* _Materials provided_
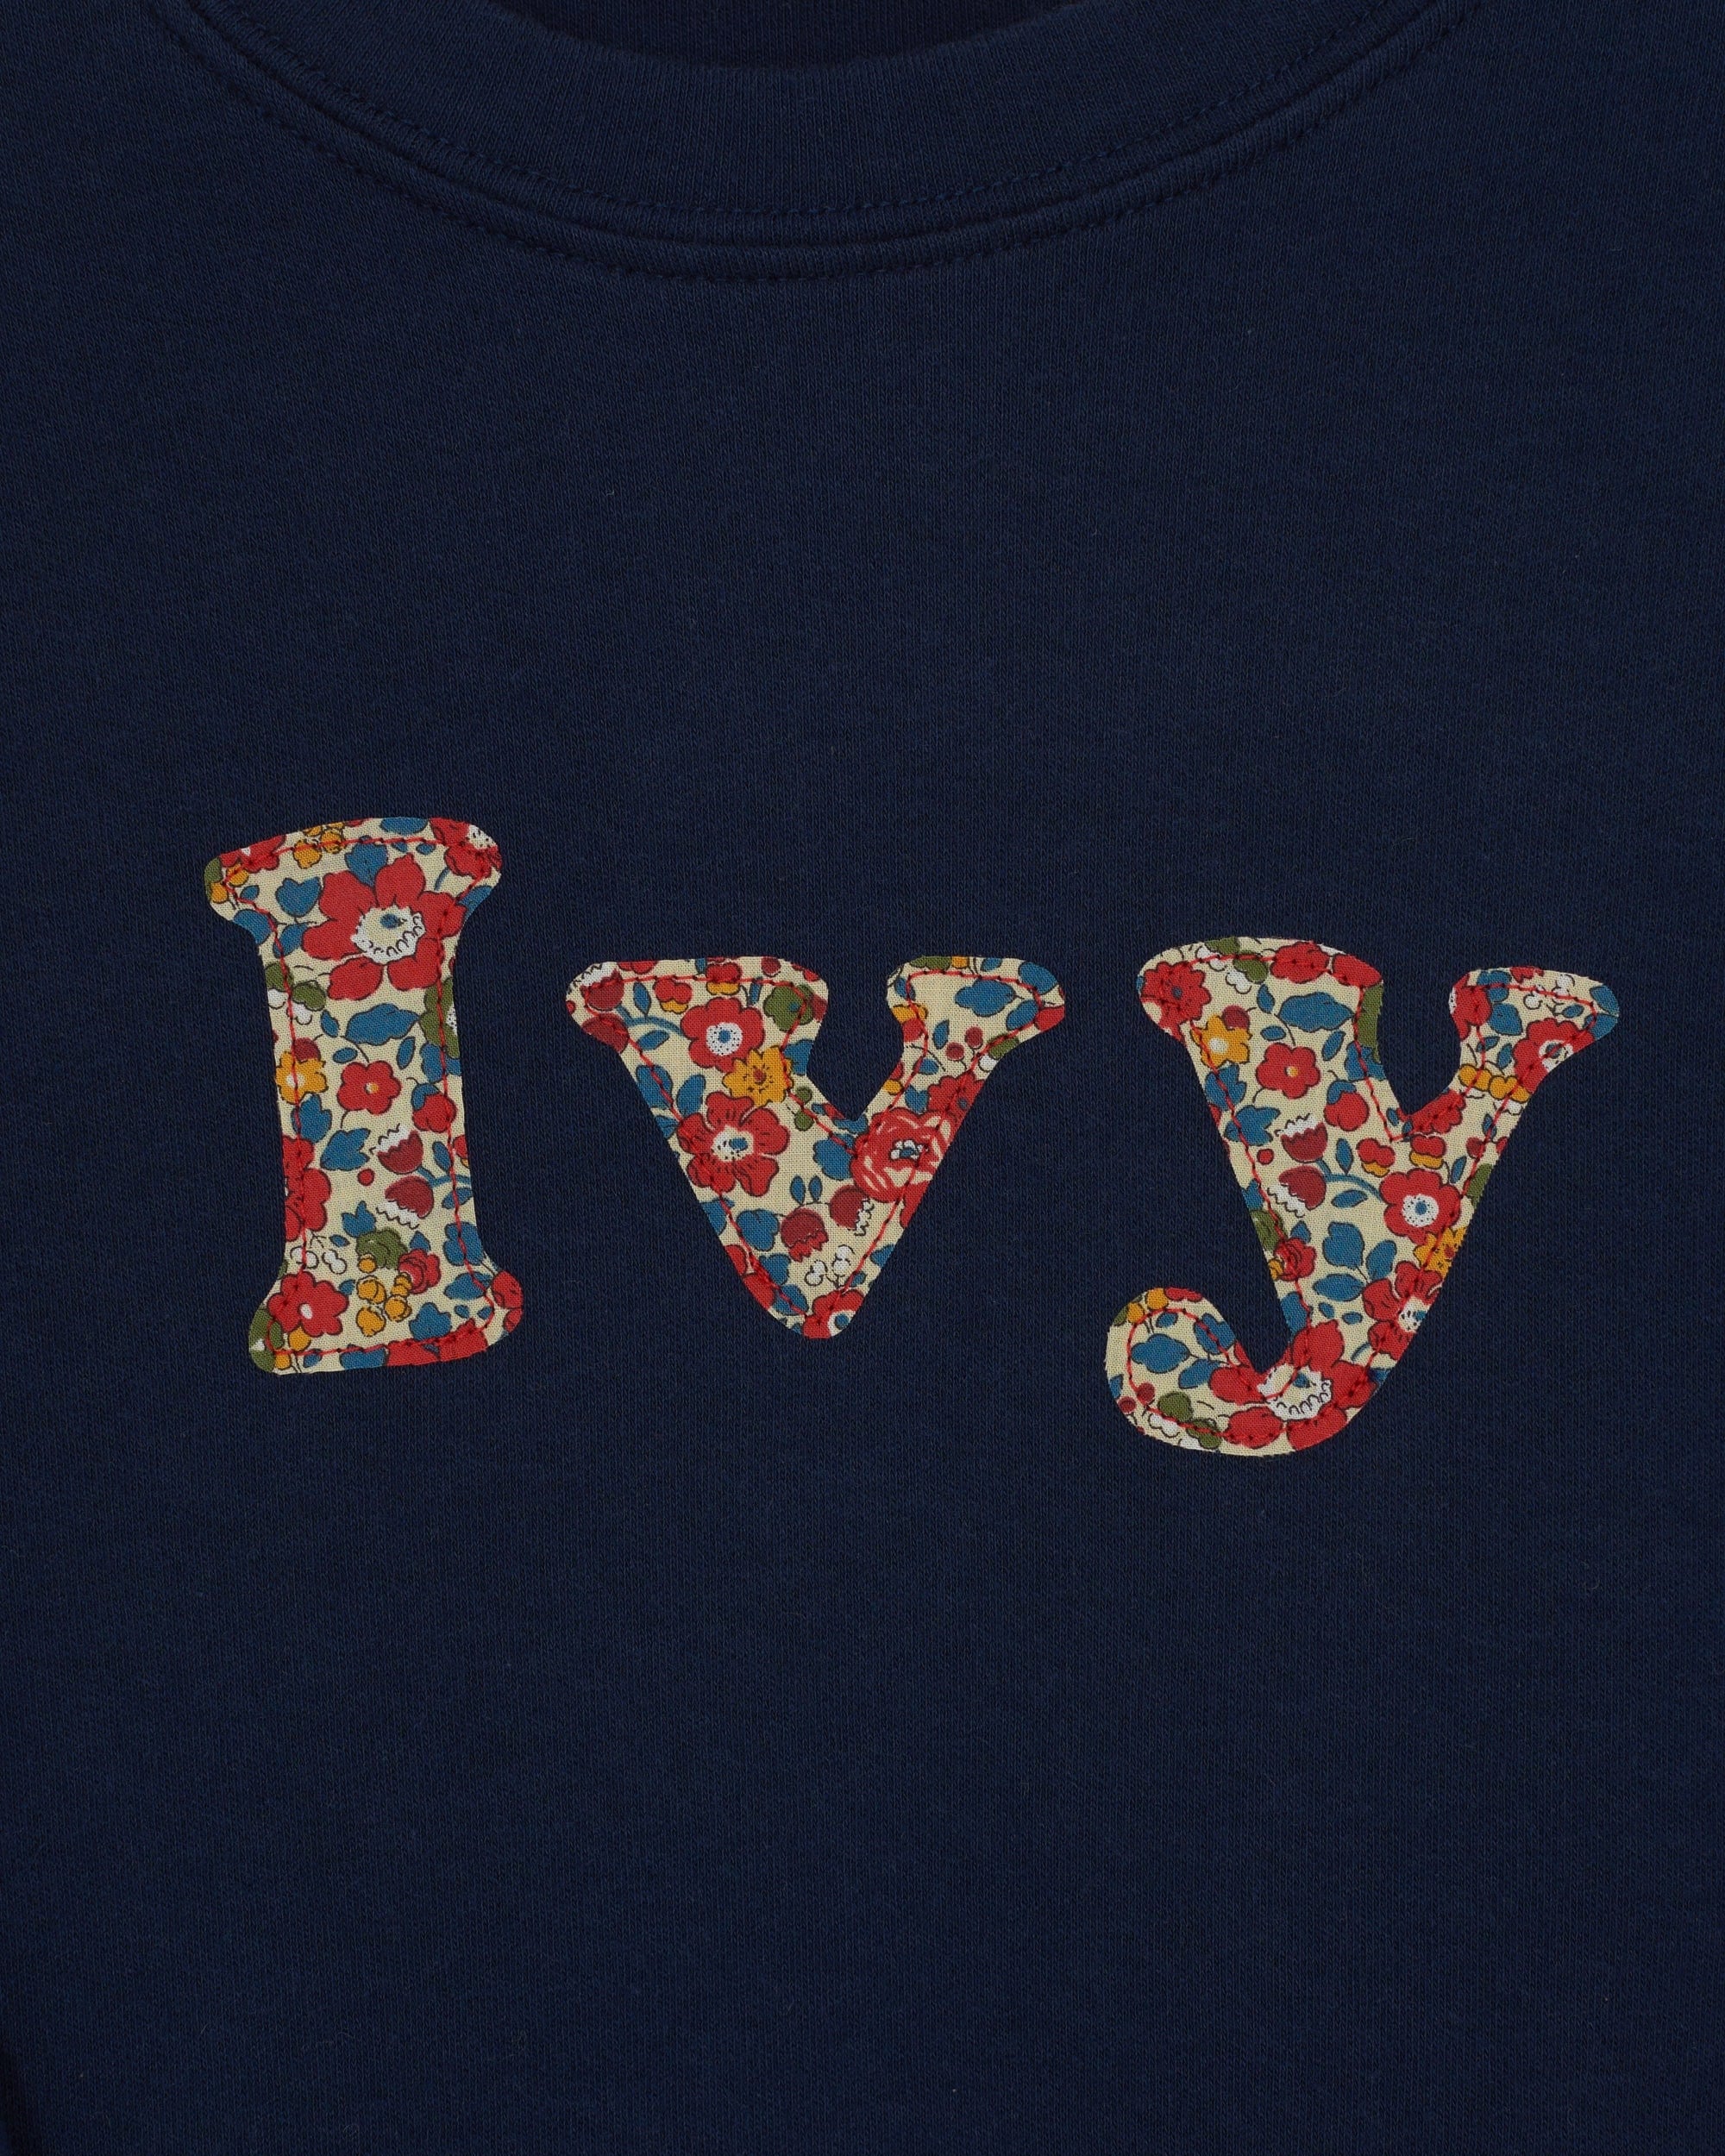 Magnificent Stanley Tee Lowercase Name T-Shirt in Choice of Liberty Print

...

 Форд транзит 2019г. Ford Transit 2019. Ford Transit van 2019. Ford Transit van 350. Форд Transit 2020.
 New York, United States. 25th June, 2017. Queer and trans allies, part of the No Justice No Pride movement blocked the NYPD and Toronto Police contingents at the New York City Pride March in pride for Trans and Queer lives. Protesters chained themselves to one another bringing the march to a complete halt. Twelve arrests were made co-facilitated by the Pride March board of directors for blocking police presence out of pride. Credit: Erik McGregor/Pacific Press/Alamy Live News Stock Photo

...

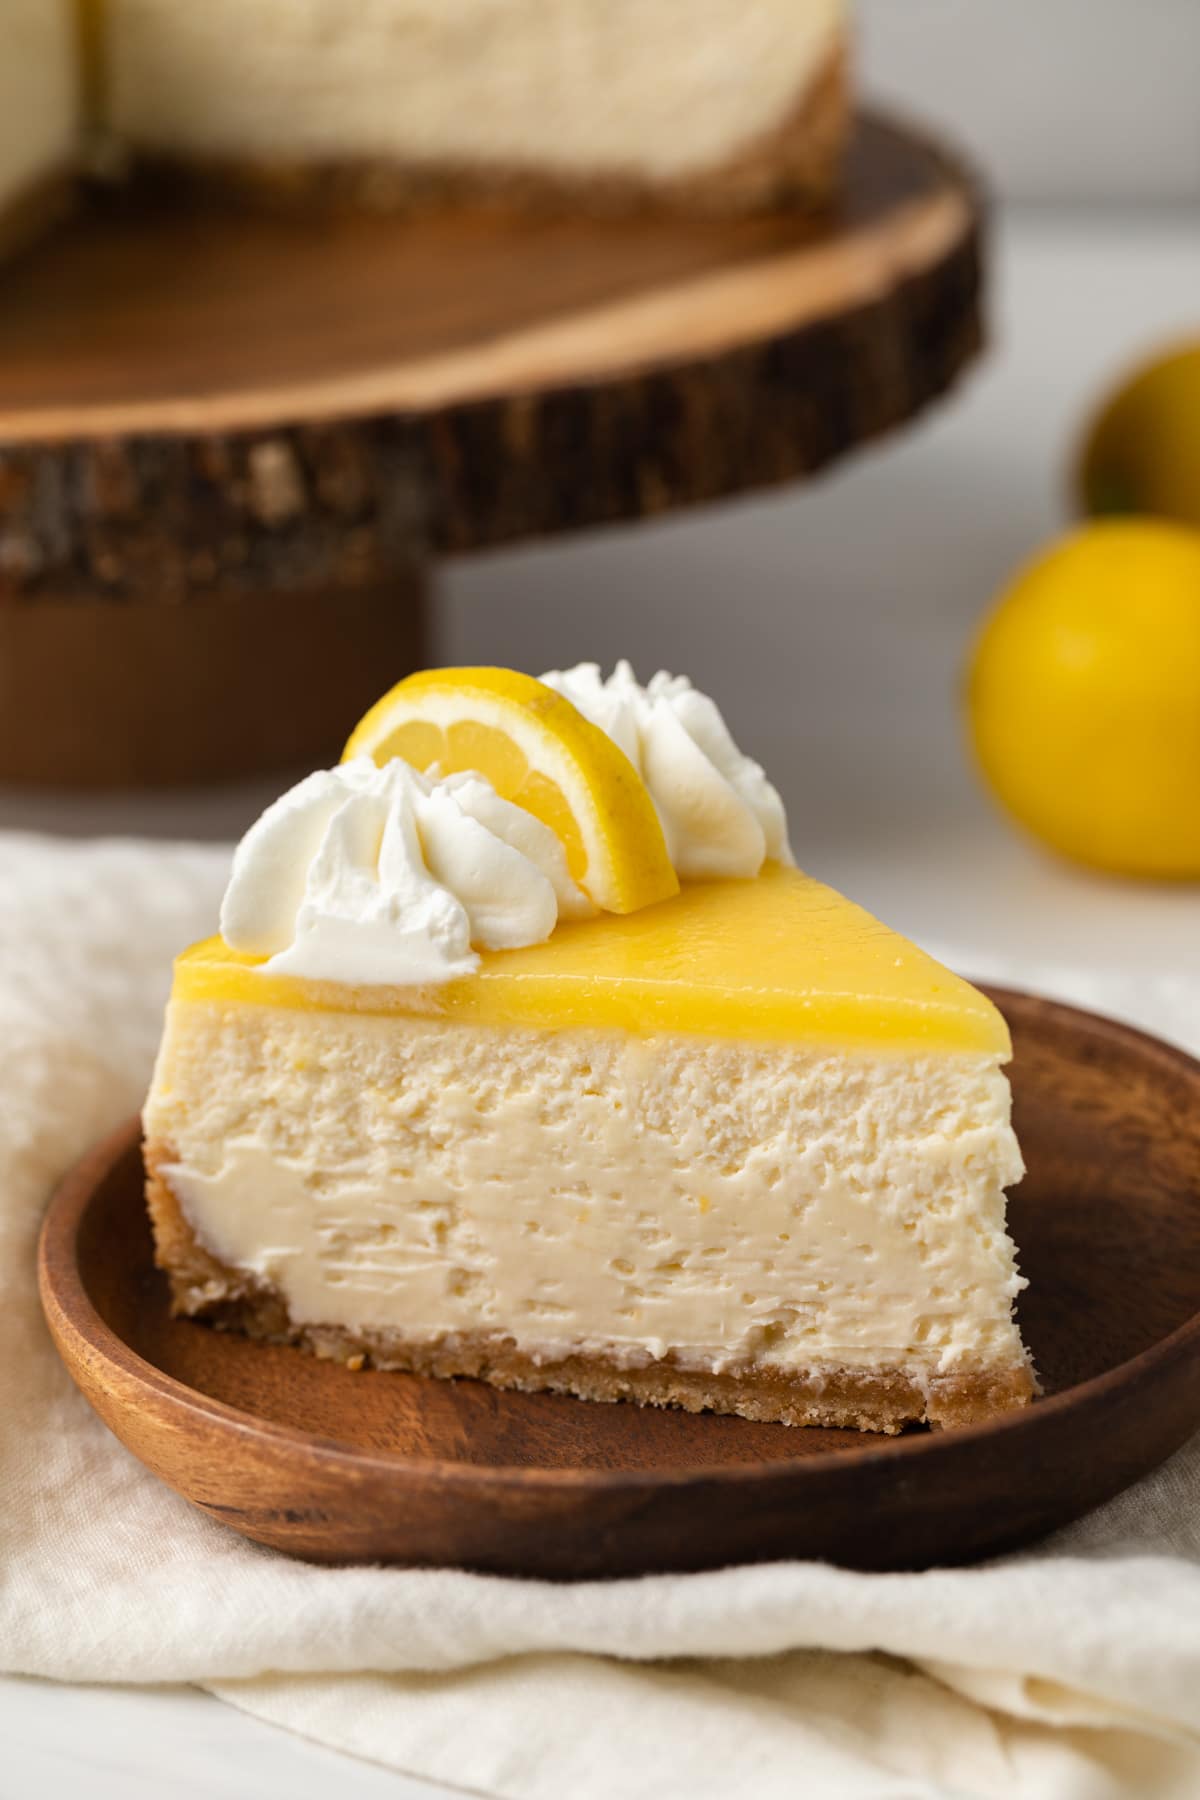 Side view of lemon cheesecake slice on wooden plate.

* _Your assignment_
In the listing above, find the line with "Форд транзит 2019г." and the line with "New York, United"; set down exactly those two lines and every line between them, nothing more.

* _Exercise solution_
 Форд транзит 2019г. Ford Transit 2019. Ford Transit van 2019. Ford Transit van 350. Форд Transit 2020.
 New York, United States. 25th June, 2017. Queer and trans allies, part of the No Justice No Pride movement blocked the NYPD and Toronto Police contingents at the New York City Pride March in pride for Trans and Queer lives. Protesters chained themselves to one another bringing the march to a complete halt. Twelve arrests were made co-facilitated by the Pride March board of directors for blocking police presence out of pride. Credit: Erik McGregor/Pacific Press/Alamy Live News Stock Photo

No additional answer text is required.